日本と国交がないため、中国を経由して北朝の地を踏む。
やろうと思えばプライベートジェットで横浜本部基地からひとっとび、という芸当も不可能ではないがSoyuz北朝鮮提携支部の視察と偽装してある。
Soyuzと北朝鮮の親交は深い。
インフラの整備や食糧支援を取り付ける見返りとして、兵器の買い付けやレシプロ機などのノウハウの提供。また一部人民の雇用を行っている。

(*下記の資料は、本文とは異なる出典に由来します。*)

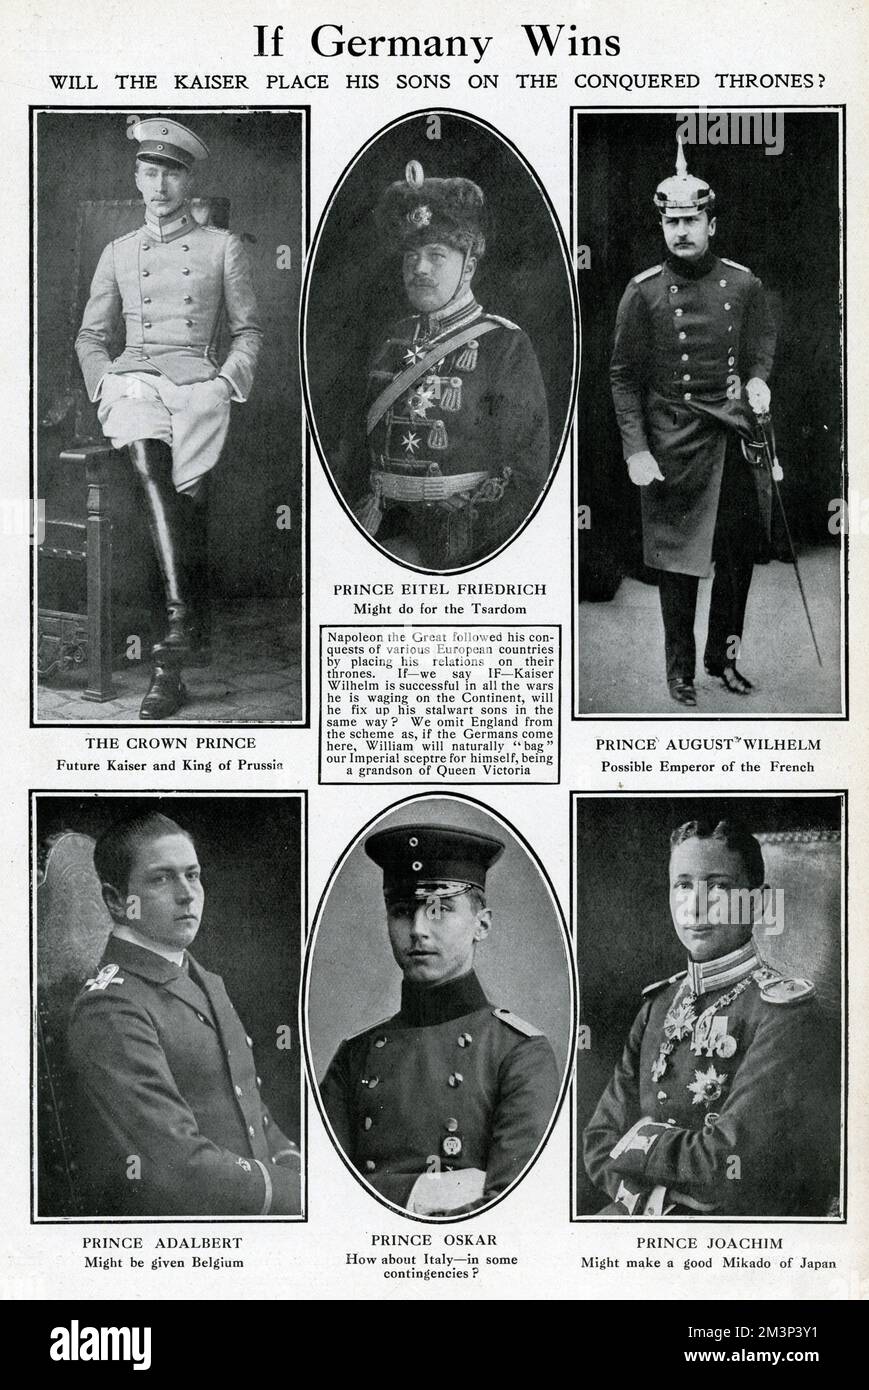 A rather sickening and defeatist (or perhaps tongue-in-cheek) item, suggesting what might happen if Germany wins the First World War.  Just as Napoleon placed his family members on various European thrones, so Wilhelm II might appoint his sons to different countries.       Date: 1914 Stock Photo

共和国から見れば現実に世界中を敵に回している環境で貴重な外貨獲得手段。組織から見れば古今東西の闇鍋状態を支える板前といった関係を築いていた。
もしもSoyuzという存在が居ないパラレルワールドがあったのなら、平壌の外を出れば道路はガタガタで満足に下水道は整備されておらず、飢えにあえぎバタバタと人民たちは倒れていく。
目を覆いたくなるような悲惨な状況になっているだろう。
ロッチナが降り立ったのは首都平壌ではなく、何の変哲もない地方都市だった。当然の事ながら名前をいう事は許されない。
そこにぽつんと建っているホテルで会談は行われることになった。盗聴の恐れがないか徹底的に調査された「ロッチナ専用のVIP」ルームだ。
豪華絢爛とは言えない一室に待っていたのは立派なカーキ色の軍服を着た、如何にも北朝鮮の高官といった出で立ちの男だった。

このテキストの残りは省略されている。